** Recorded information **
↓↓↓
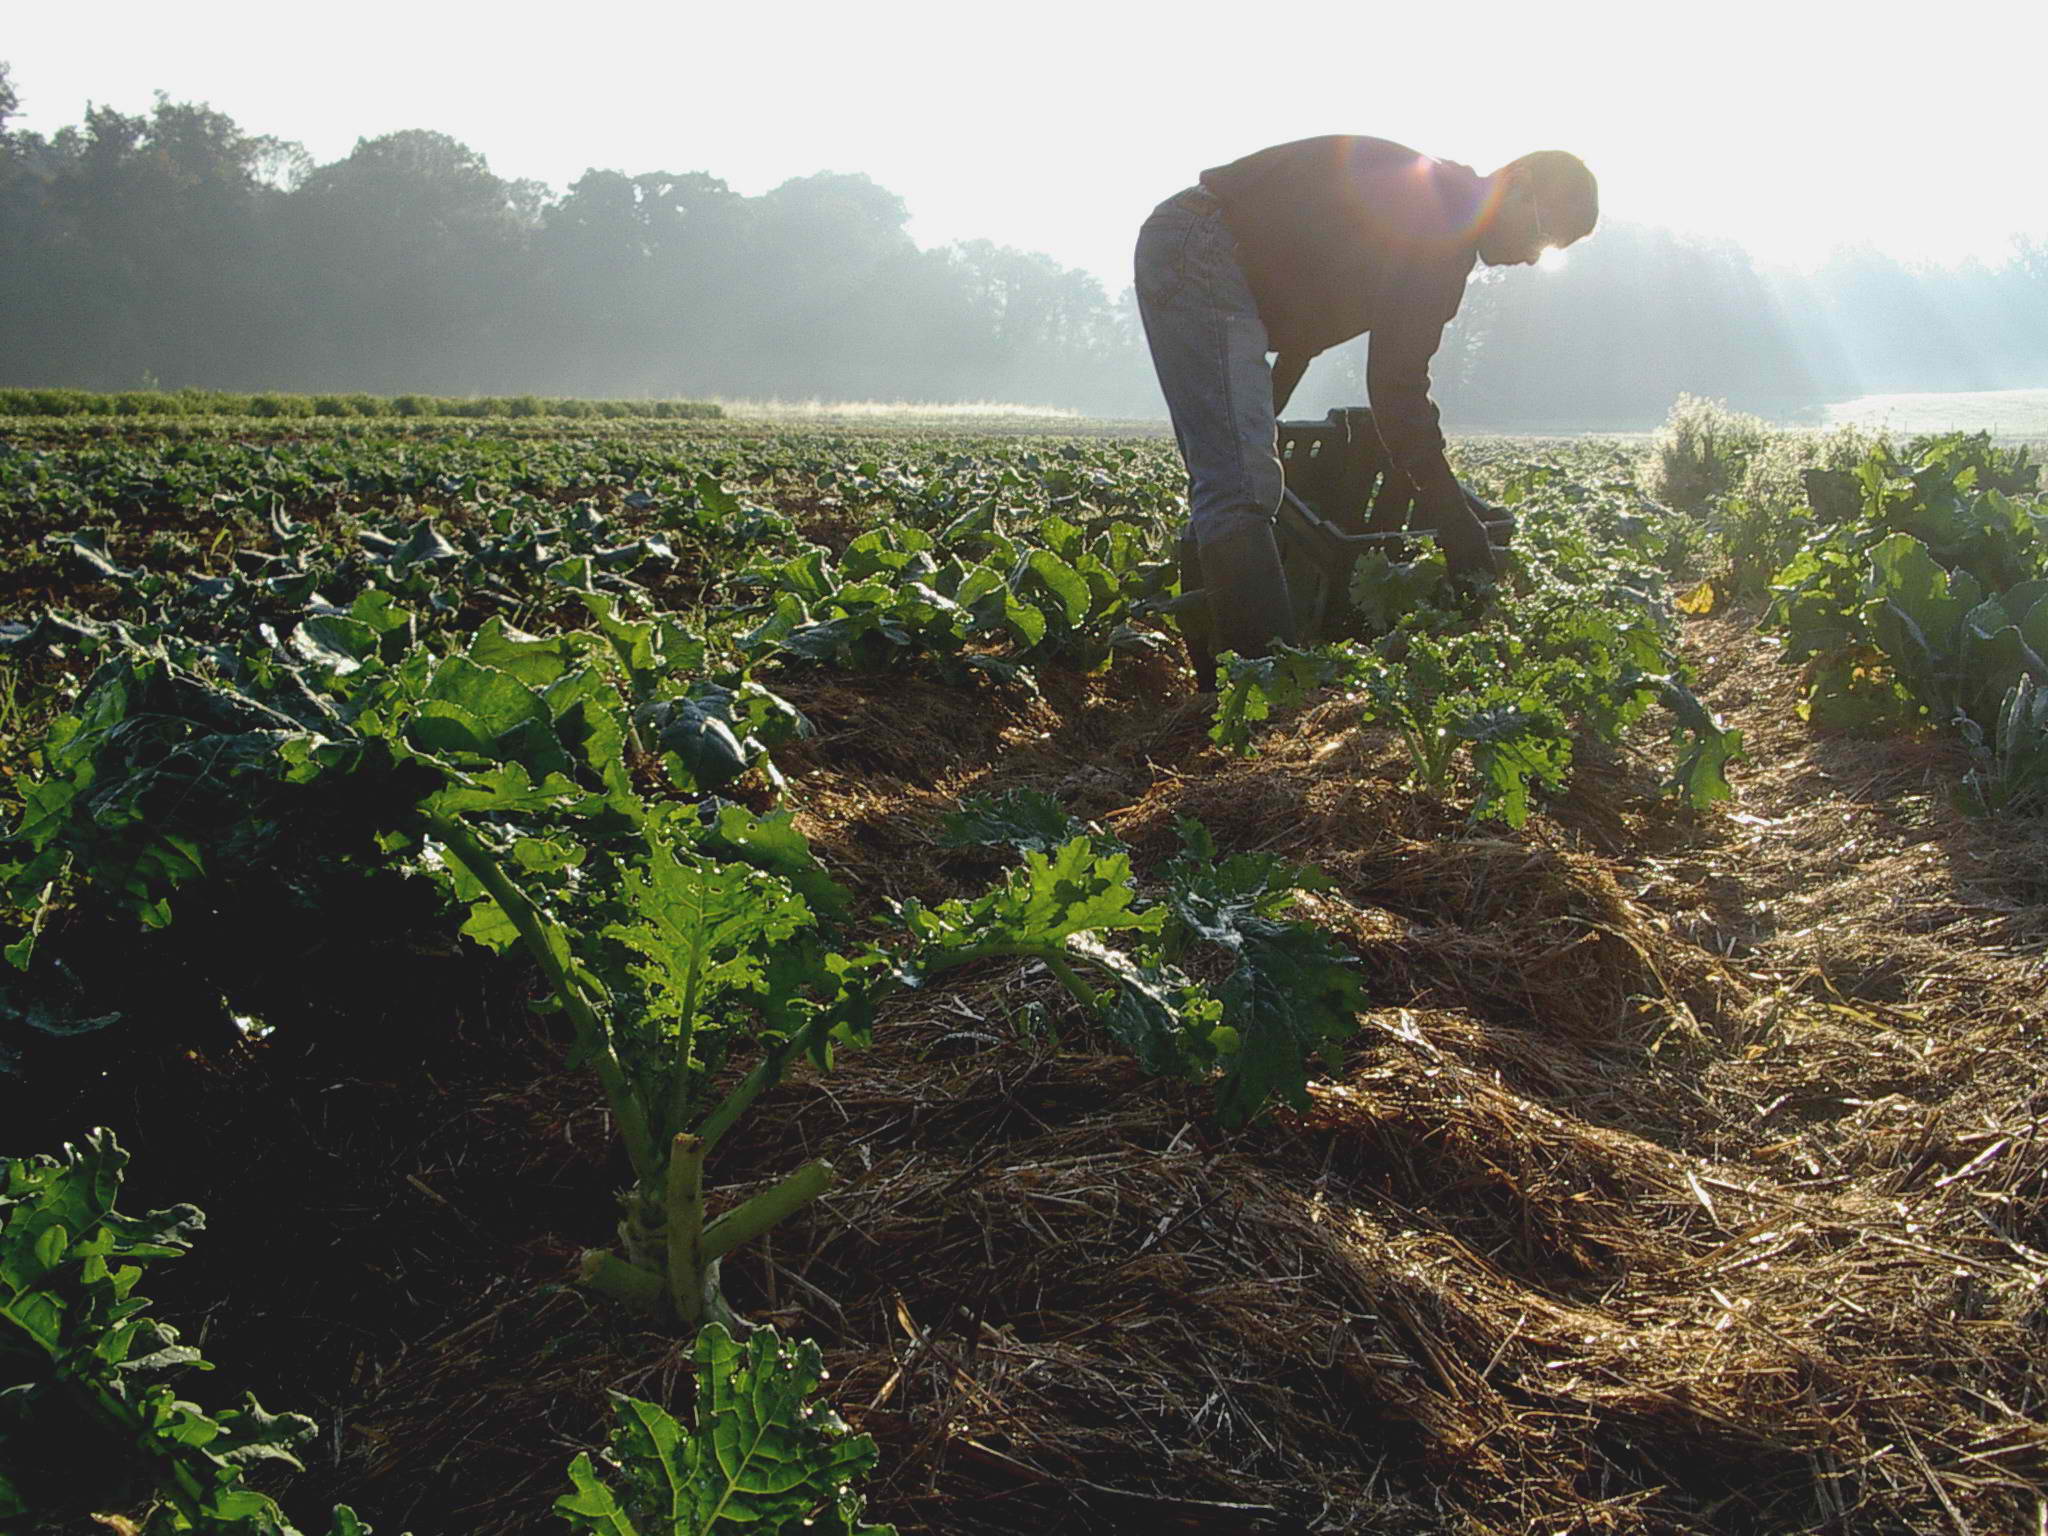 Le nuove frontiere dell’Agroecologia “per la rinascita del Sud”: 4 giorni di convegni fra Napoli e Capua sull’Agricoltura Biodinamica
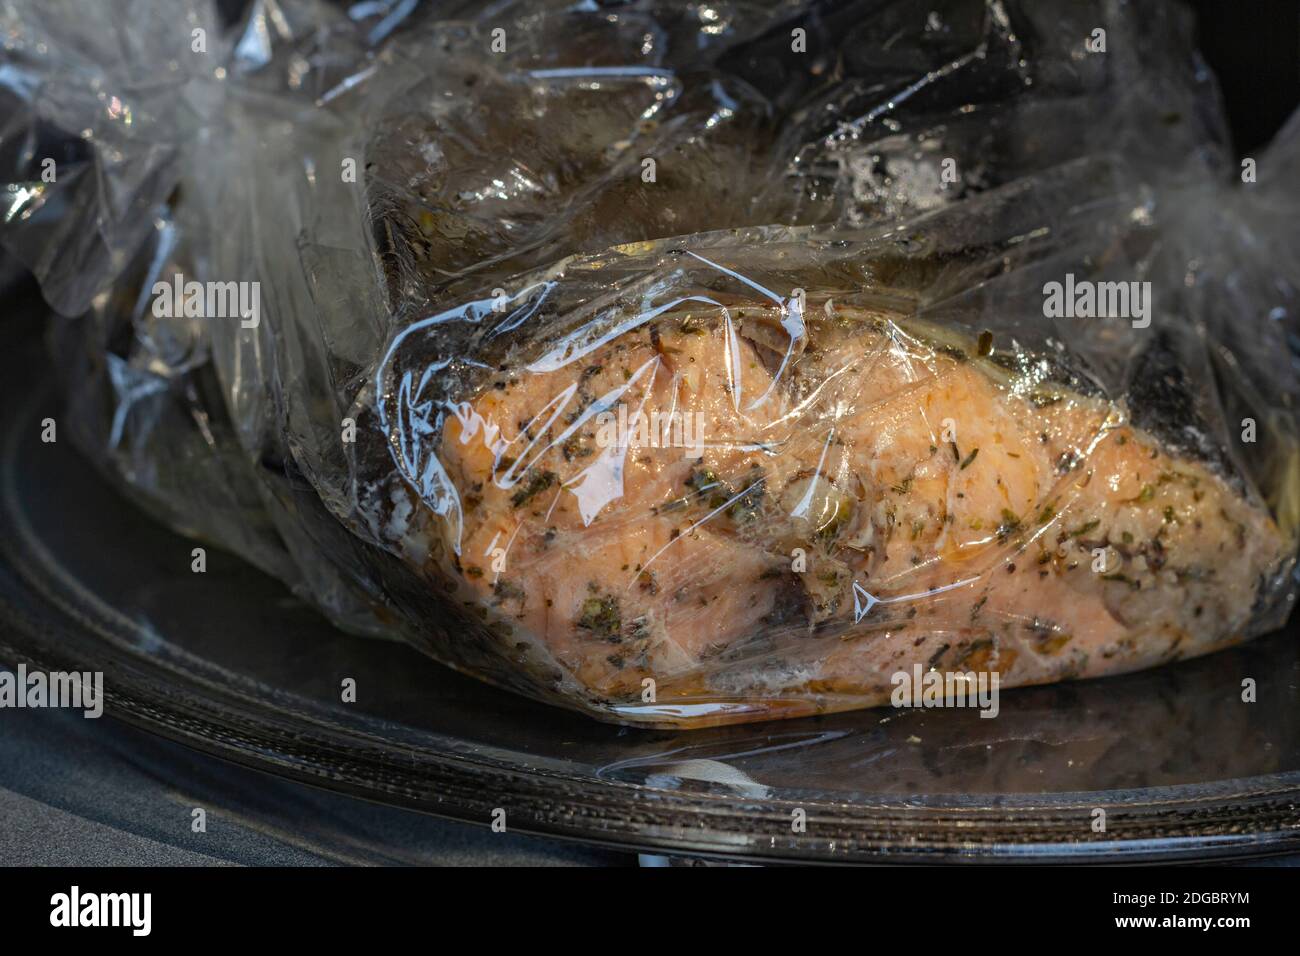 Pescado fresco especiado de truchas envuelto en una funda de horno en un horno de microvawe, cocido, Vista de primer plano Foto de stock
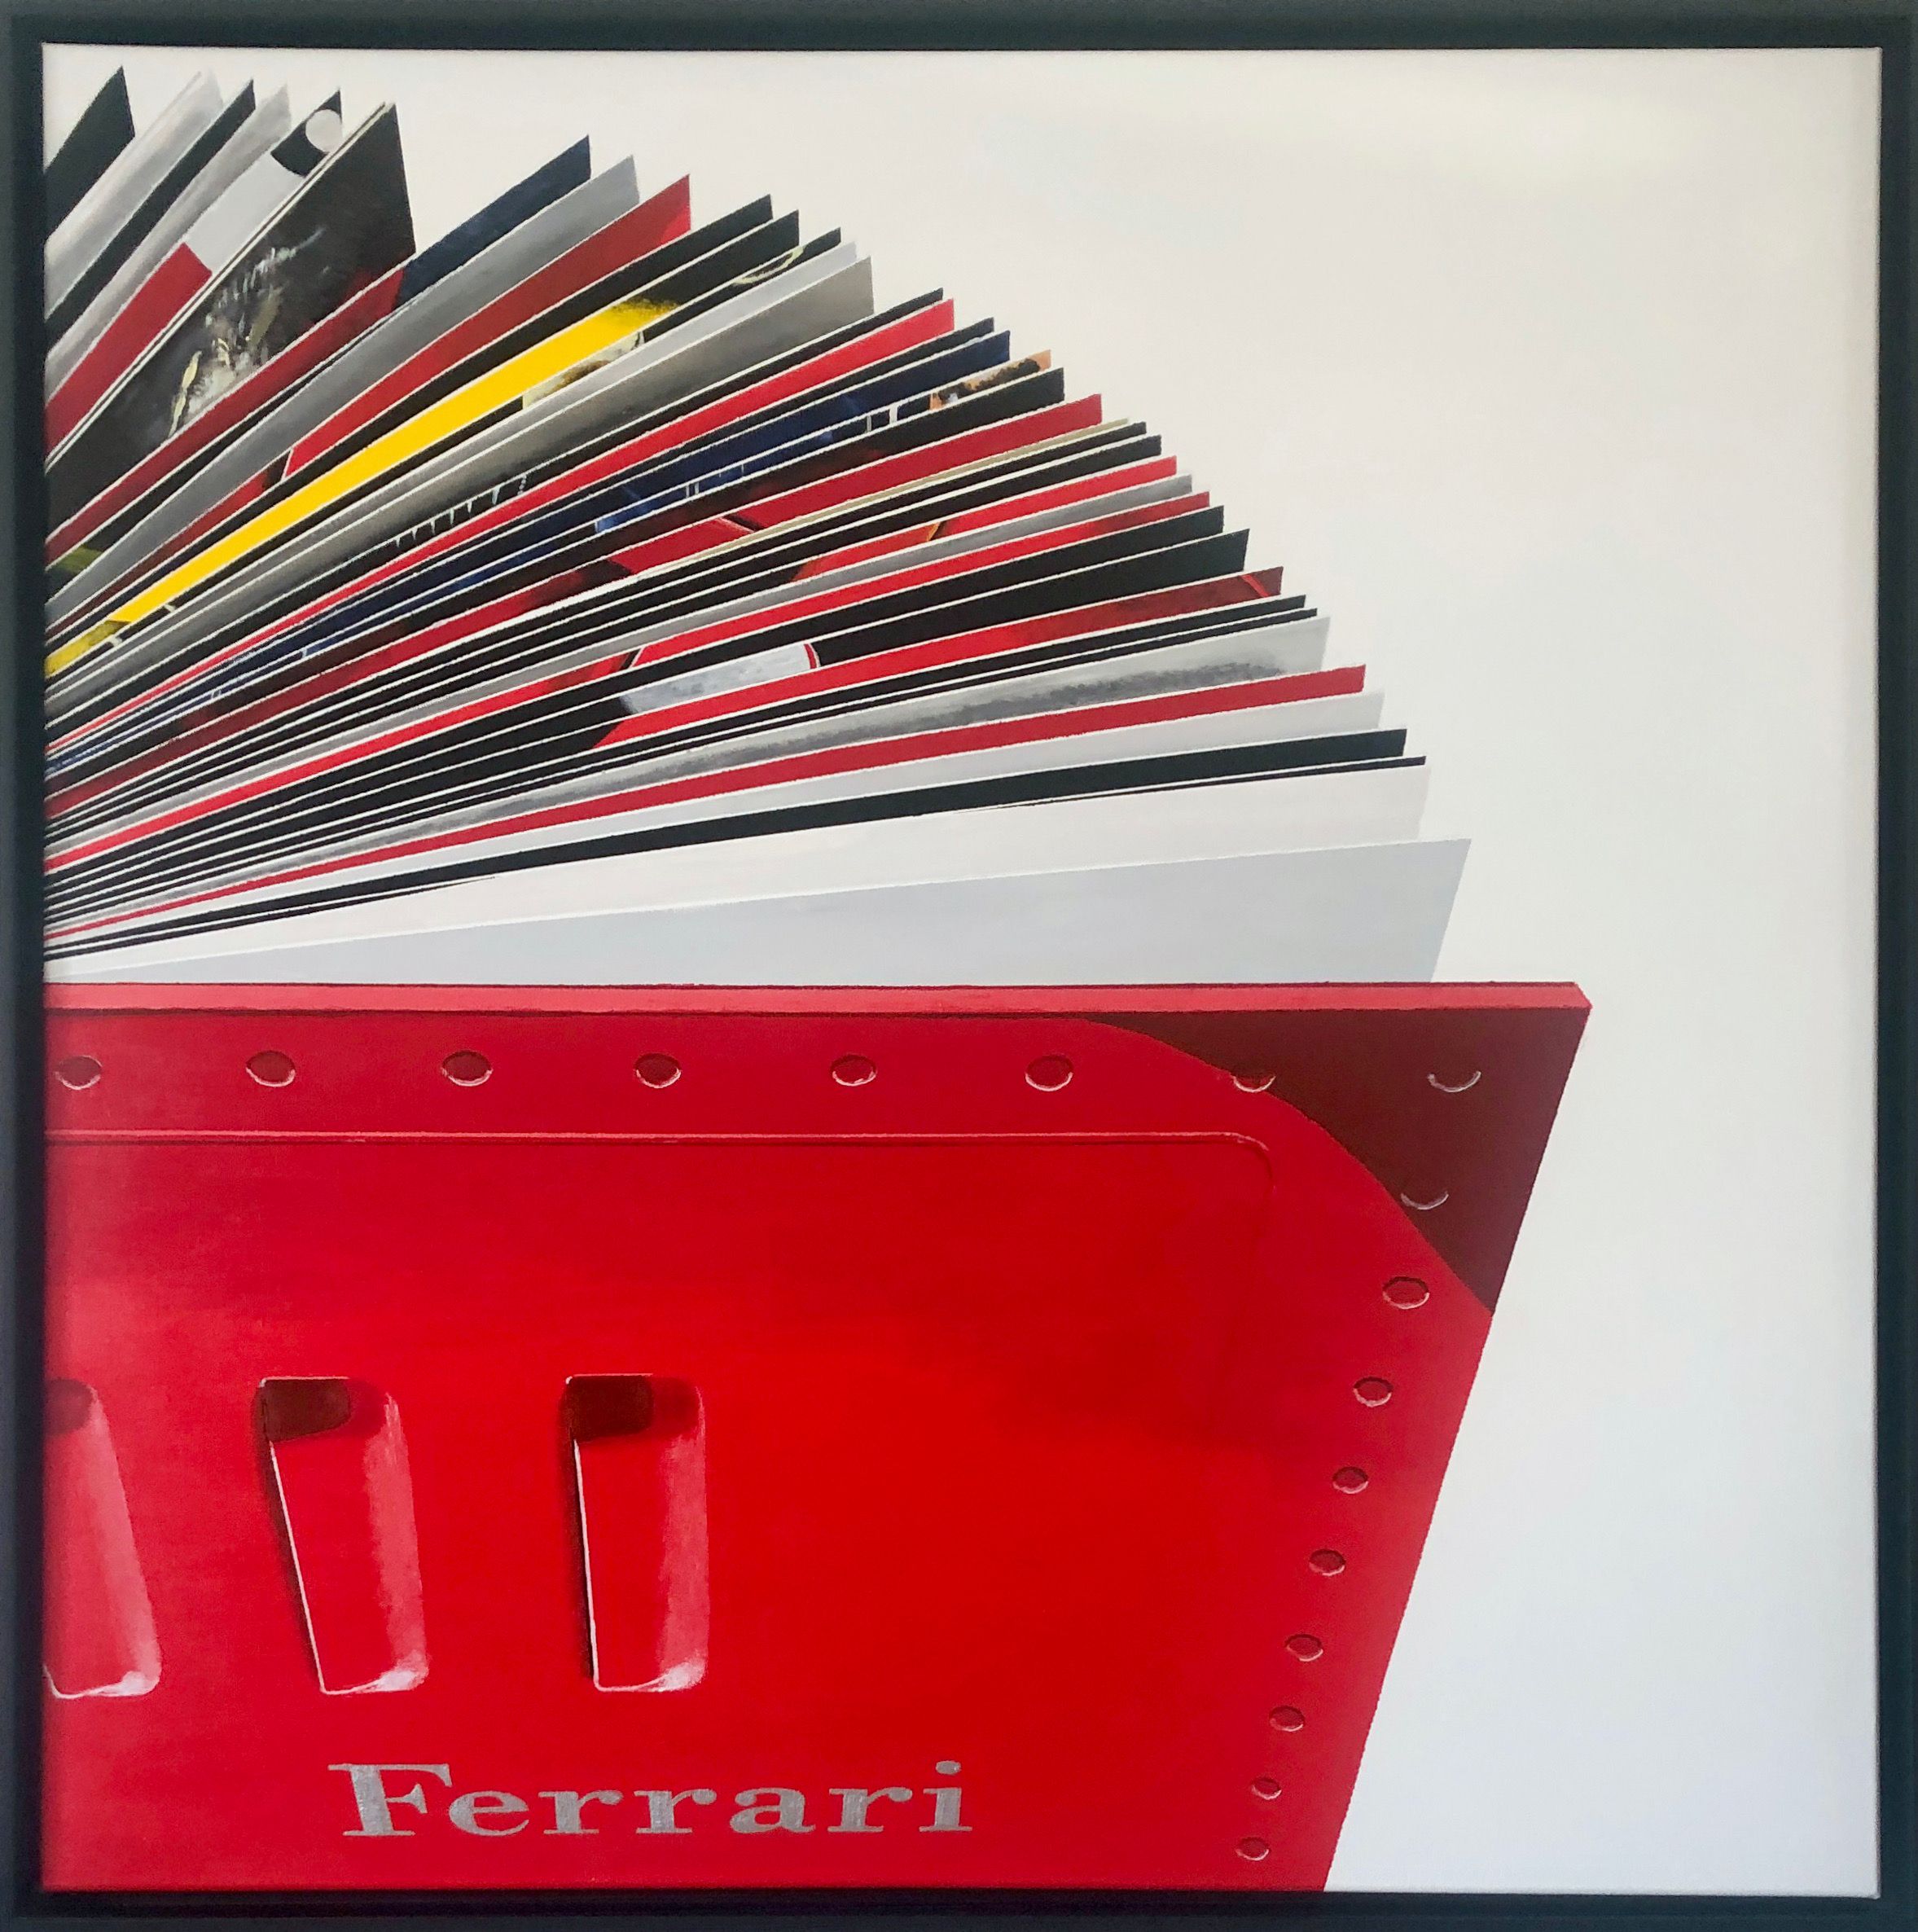 Rolf Gnauck "FERRARI" 详细的大尺寸彩色画作，是一本打开的书
↑↑↑
** Description of the task **
Each line above should be output exactly, apart from the pictures.

** Answer to the exercise **
 Le nuove frontiere dell’Agroecologia “per la rinascita del Sud”: 4 giorni di convegni fra Napoli e Capua sull’Agricoltura Biodinamica
 Pescado fresco especiado de truchas envuelto en una funda de horno en un horno de microvawe, cocido, Vista de primer plano Foto de stock
 Rolf Gnauck "FERRARI" 详细的大尺寸彩色画作，是一本打开的书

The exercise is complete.